Dropping most of the goofiness, sarcasm, social critique (not too good), but dropping also the or­namental duo of «Eden» and Yarritu (pretty damn good compensation), Mark and Martin turn to Chic veteran Bernard Edwards for guidance, and record a slick, strictly commercial, but not alto­gether insubstantial set. I mean, personally, I hate bad or even average synth-pop with a venge­ance, on an animal level, but I do not have any seriously negative feelings for Alphabet City at all. It really must have something to do with Fry's personality, because the arrangements are quite sterile (despite a welcome return from Anne Dudley to arrange some strings for a couple of num­bers), and none of the humor, be it brilliant or annoying, of Zillionaire is to be found.

The real big deal are the hit singles. 'When Smokey Sings' is one of the decade's finest exercises in rose-colored glasses production: as silly as the chorus line "When Smokey sings, I hear vio­lins" may sound, it is perfect in the context of this really silly, happy, but, somehow, quite intelli­gent tribute to the world of R'n'B (not only Smokey, but "Marvin", "James", "Sly", "Luther" are mentioned as well). And it is certainly a better song than whatever Smokey was singing at the time — I'd like to think that Fry is relying more on his childhood memories here than on an acci­dental glance at Smokie on some late-Eighties TV show.

Meanwhile, 'The Night You Murdered Love' and 'King Without A Crown' return us to more fami­liar territory, two similar, but equally memorable and convincing breakup tales, each based on a terrific bass groove and at least two different vocal hooks. 'The Night...', in particular, is structu­red like a well-calculated series of vocal blows, each one landing heavier than the former — as ge­neric as the subject matter is, Fry's singing on it almost deserves a thorough note-for-note study from a psychological point of view. Not to be overlooked is Howie Casey's geometric wonder of a saxophone solo part, either (for the record, Howie Casey is quite a notorious session player in England; it is his sound you hear on Paul McCartney's 'Jet', for instance).

The non-singles are a lesser breed, and usually come across as paler recreations of the singles, with limper grooves and wobblier hooks. 'Bad Blood' is sometimes listed as a highlight of the LP, but I'm not sure about that: it just takes on a slightly more solemn, knitted-brow attitude than the rest, sacrificing tightness of groove for that purpose. 'One Day', however, with Dudley's strings guiding it as if it were some sort of Ravellian piece, is a fine, stately conclusion, breaking away from the basic synth-pop formula.

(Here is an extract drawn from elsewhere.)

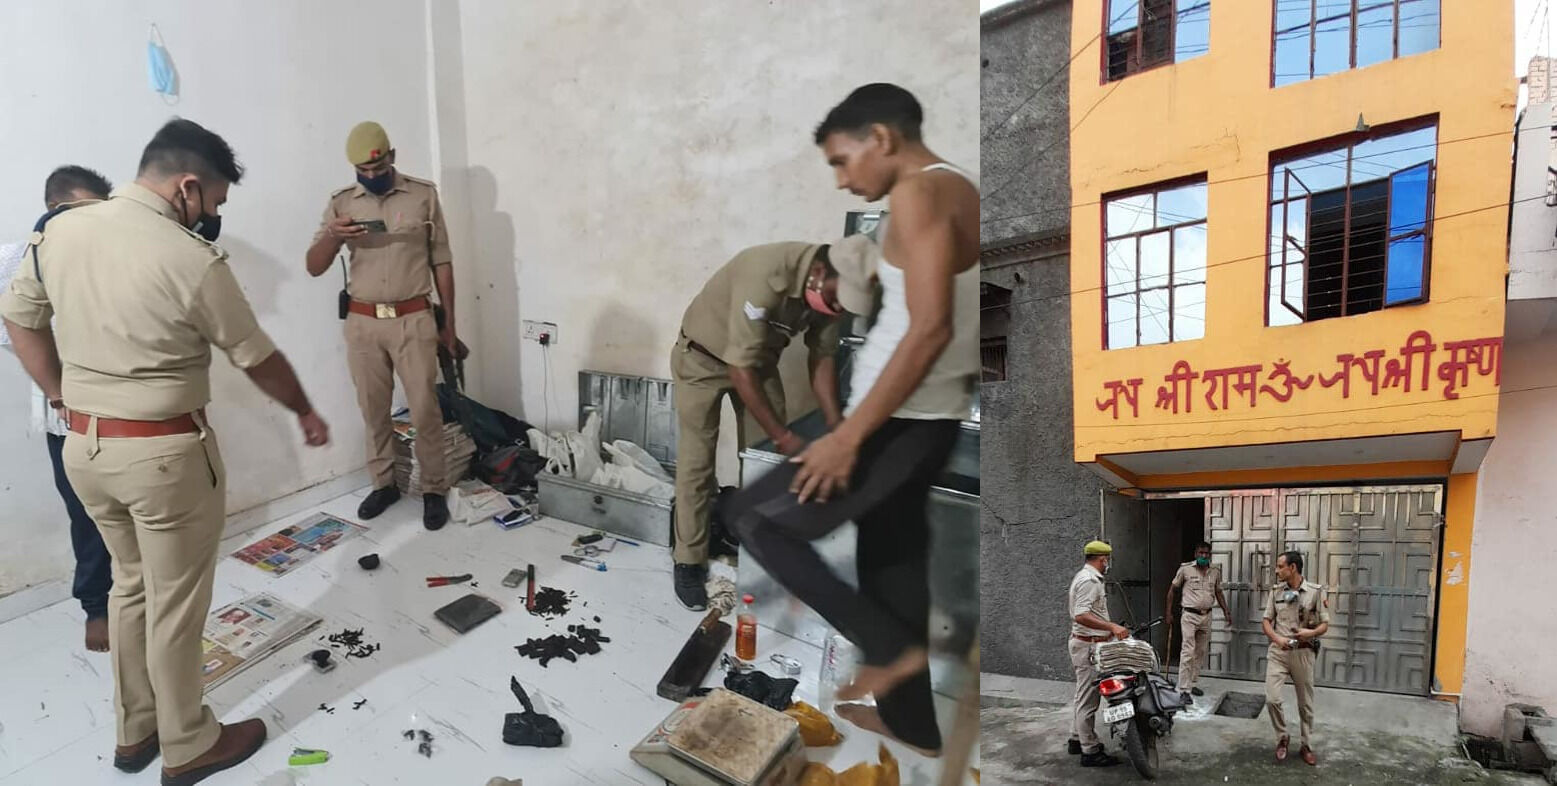 UP : मेरठ में पुलिस का छापा, 28 किलो गांजा, चार किलो चरस व 220 किलो भांग के साथ चार गिरफ्तार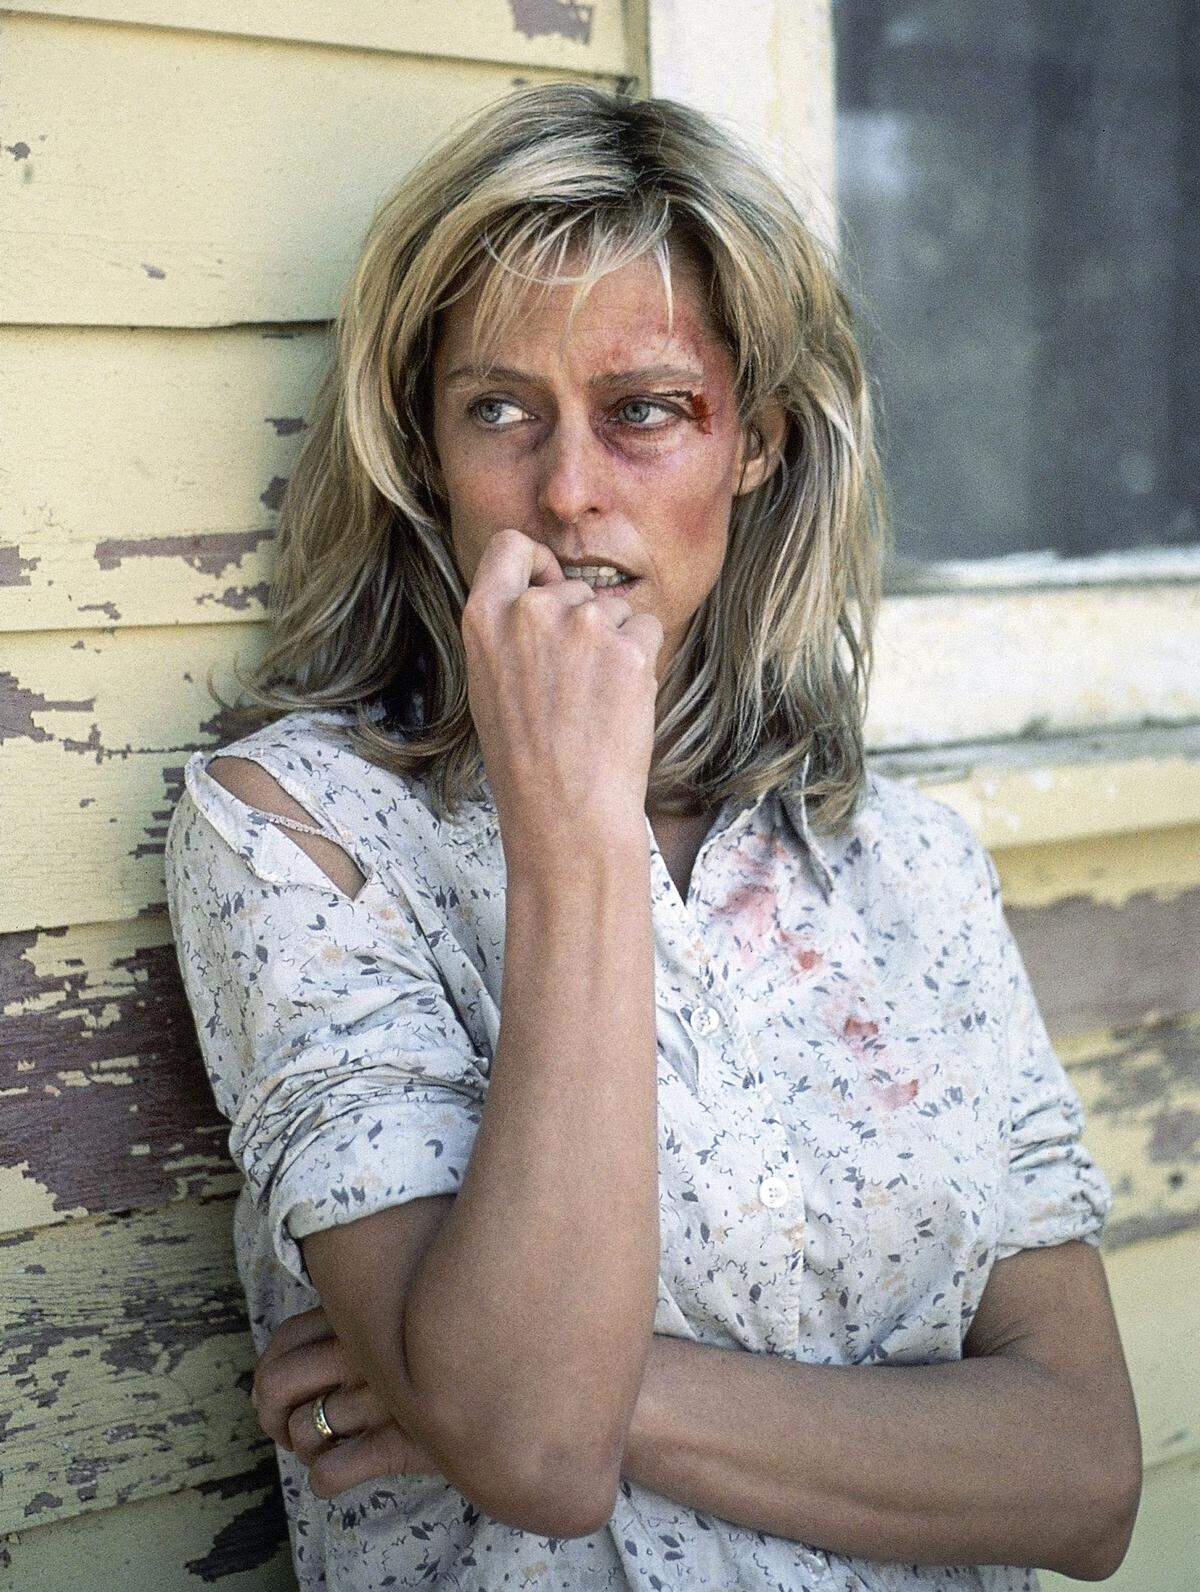 1984 brillierte sie im Film "Das brennende Bett" in der Rolle einer verzweifelten Mutter, die nach jahrelangem Ehemartyrium ihren Mann mit Benzin übergießt.

Altogether, Alphabet City should be commended: not everyone, after slipping into shock/goof mode with a post-modernist flavor, can return to «romantically serious» (in an Eighties dance style, no less!) and make it sound attractive once again, rather than end up with an embarrassing flop on one's hands. For its period of time, with its type of sound, against its superficial attracti­ons, it's almost a masterpiece, even if nothing but the singles and 'One Day' really holds up after all these years. Thumbs up.